To be able to achieve our ultimate goal, we plan to make some improvements for the next version of GPEAT. The next version of GPEAT would be more flexible, dynamic and support a broader range of applications. The GPEAT storage system (memory block) can be improved greatly by polishing the memory block in GPEAT core by reducing chromosome storage regions. The current version of GPEAT stores chromosomes categorized by the range of their fitness values in 3 memory regions (each region is called 'bin'). Implementing three bins for storing chromosomes reduces time for sorting process but it also consumes more hardware resources.

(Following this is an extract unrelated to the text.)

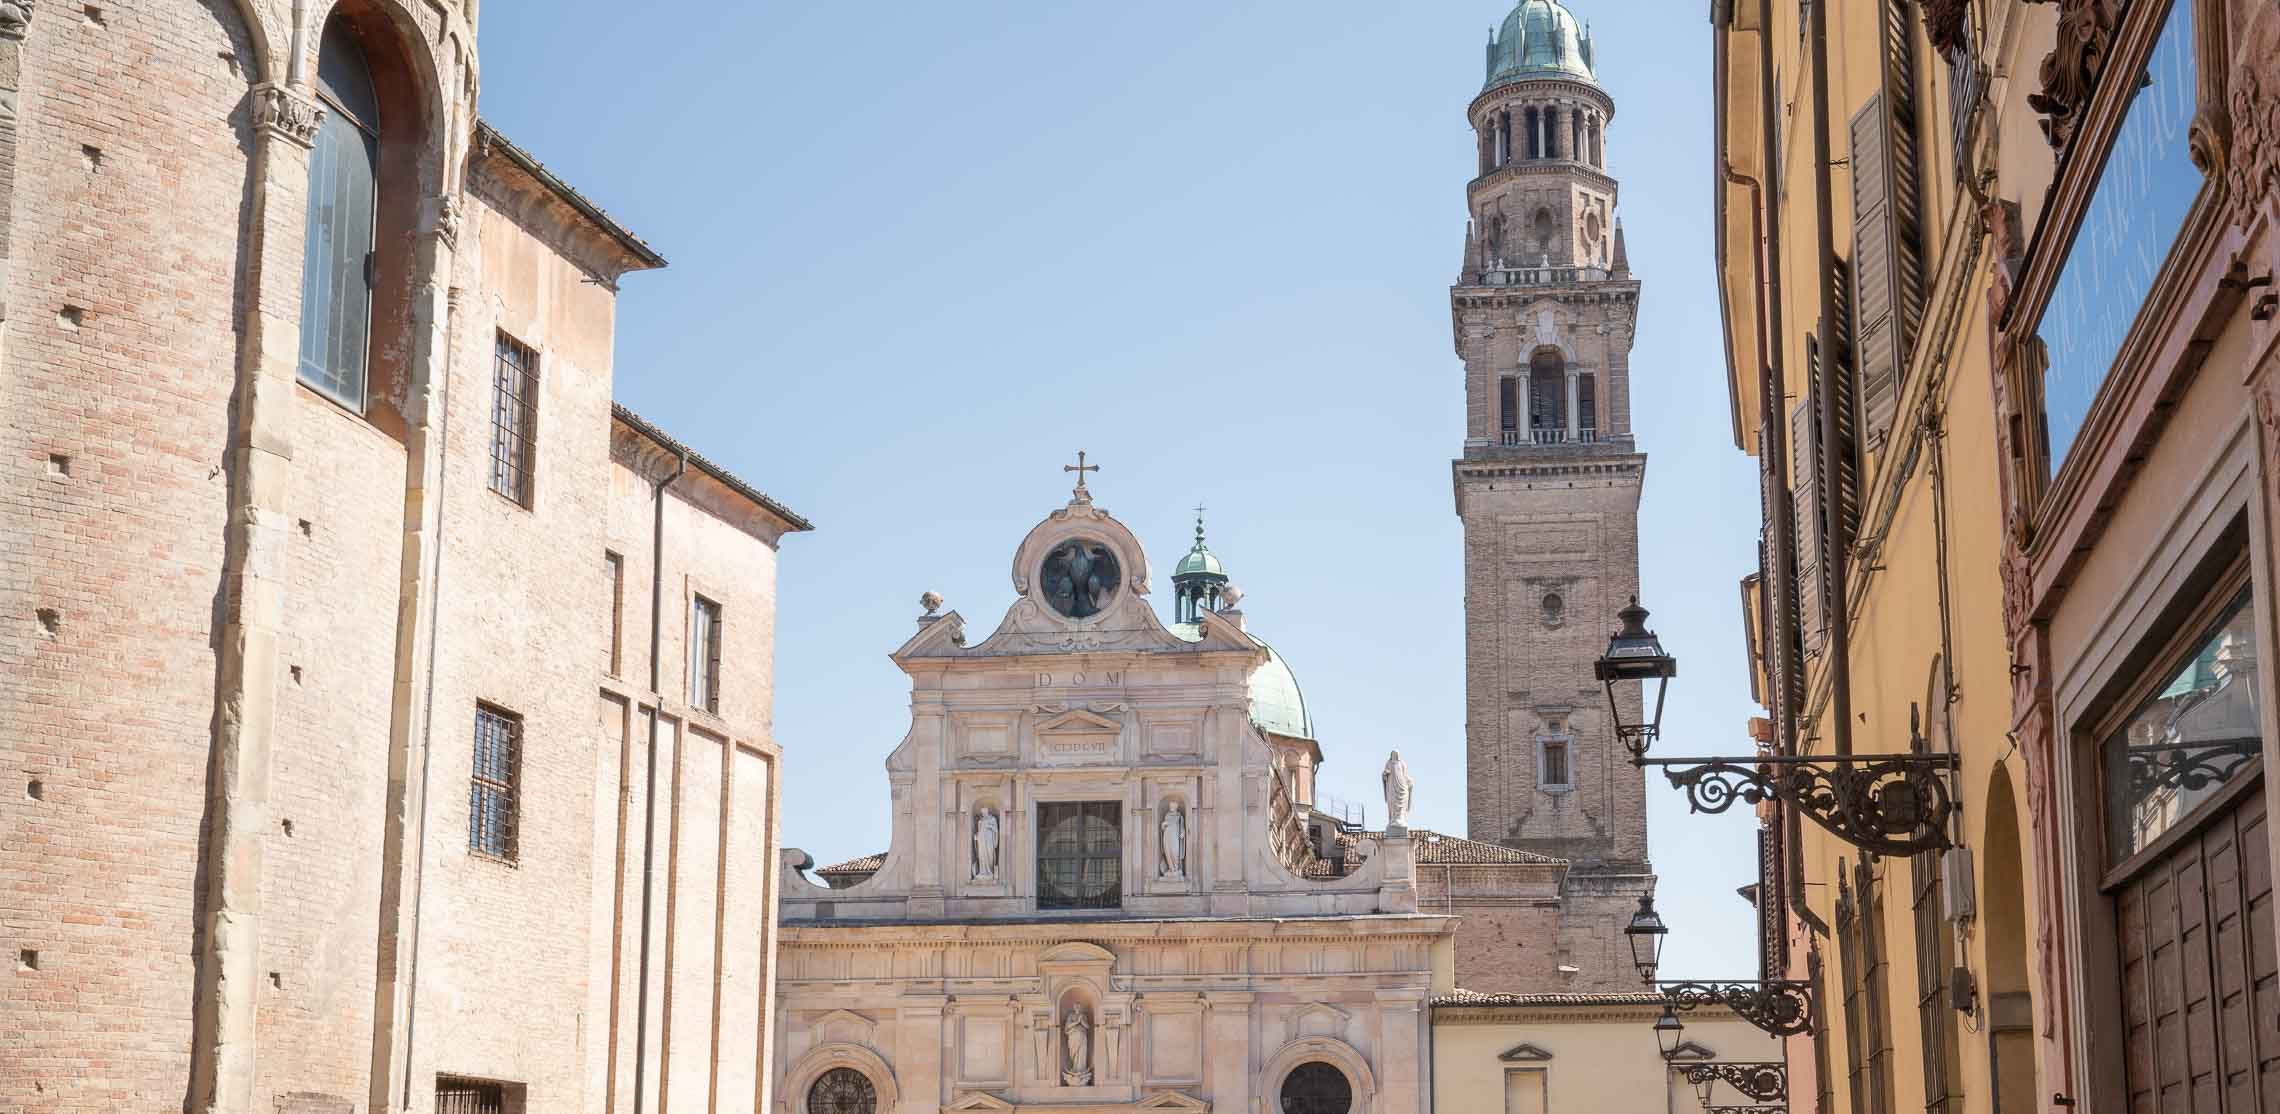 Eine barocke Kirche in der Altstadt von Parma.

This is because not all chromosomes are stored in a single bin. Storing chromosomes in single partitioned bin frees up hardware resources but the speed of sorting may be increased. The tradeoffs need to be evaluated. Further improvement to the GPEAT system can be achieved by introducing pipelining. In this version of GPEAT, after a chromosome has been processed from reproduction block and is moving to fitness evaluation block, the

reproduction block stays idle until the chromosome is fully processed. Introducing pipelining in this situation would help speed up the system. With pipelining, the reproduction block would process the next chromosome while the first chromosome is being processed in the fitness evaluation block.

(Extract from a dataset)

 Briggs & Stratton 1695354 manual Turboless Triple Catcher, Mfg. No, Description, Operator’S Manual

A sensor block will be added to GPEAT system providing channels for interfacing with external circuits. Additional buffering and converting circuitry will be required for the sensor bank. The sensor block will provide options for interfacing with digital sensors or analog sensors. Analog-to-digital converter (ADC) will be required to interface with an analog sensors. The parameter-entry-GUI will need to accommodates these new options by providing a friendly interface for users to set up all sensors. Adding the sensor block will make GPEAT more interactive with the operating environment. The objective function used to evaluate chromosomes will be dynamically functioning rather than a fixed function.

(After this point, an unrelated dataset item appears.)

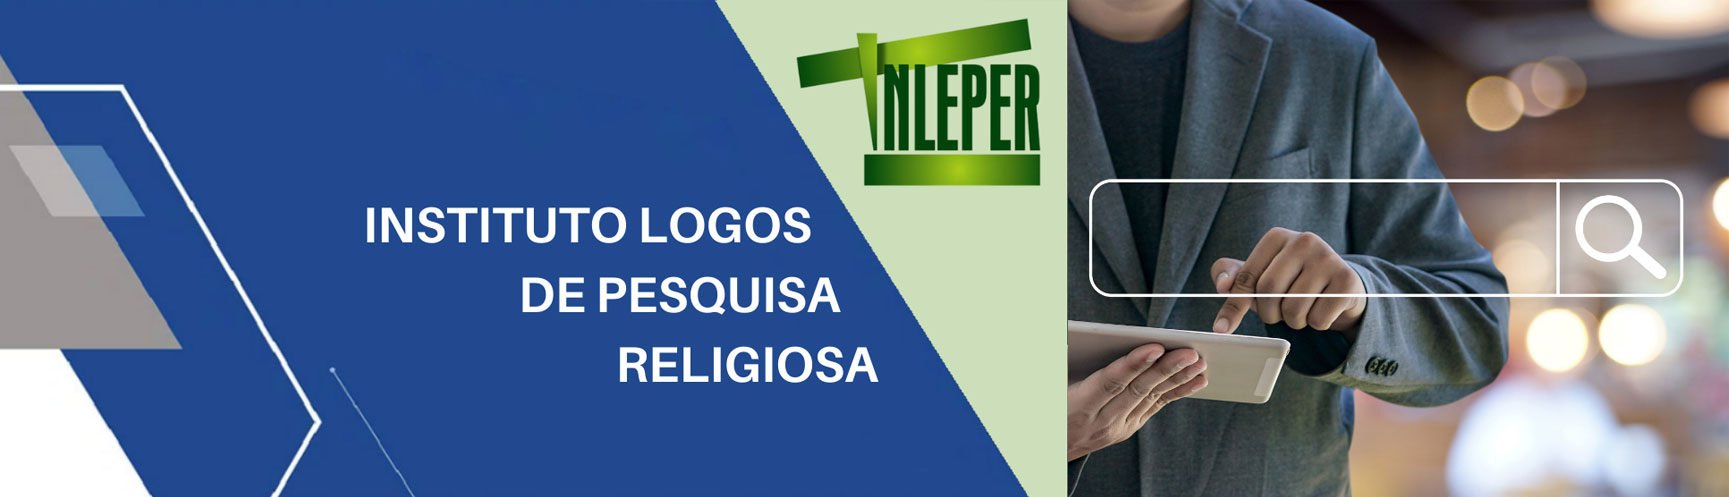 Instituto Logos de pesquisa religiosa

In the first version of GPEAT, the user can only specify a rule-based fitness evaluation where multiple rules are used to categorize chromosomes into ranges of fitness values. The ability to specify an objective function in mathematical form (equation) is one of the major keys to make GPEAT more flexible and generalized. In the next version, we are planning to make the parameter-entry-GUI able to parse mathematical expressions that the users enter and convert the expression into VHDL code. Supporting more specific kind of rule-based objective functions is one of objectives for next version of GPEAT. We aim to release GPEAT as an open-system to be used in research communities and obtain feedback from groups of users to refine GPEAT specification.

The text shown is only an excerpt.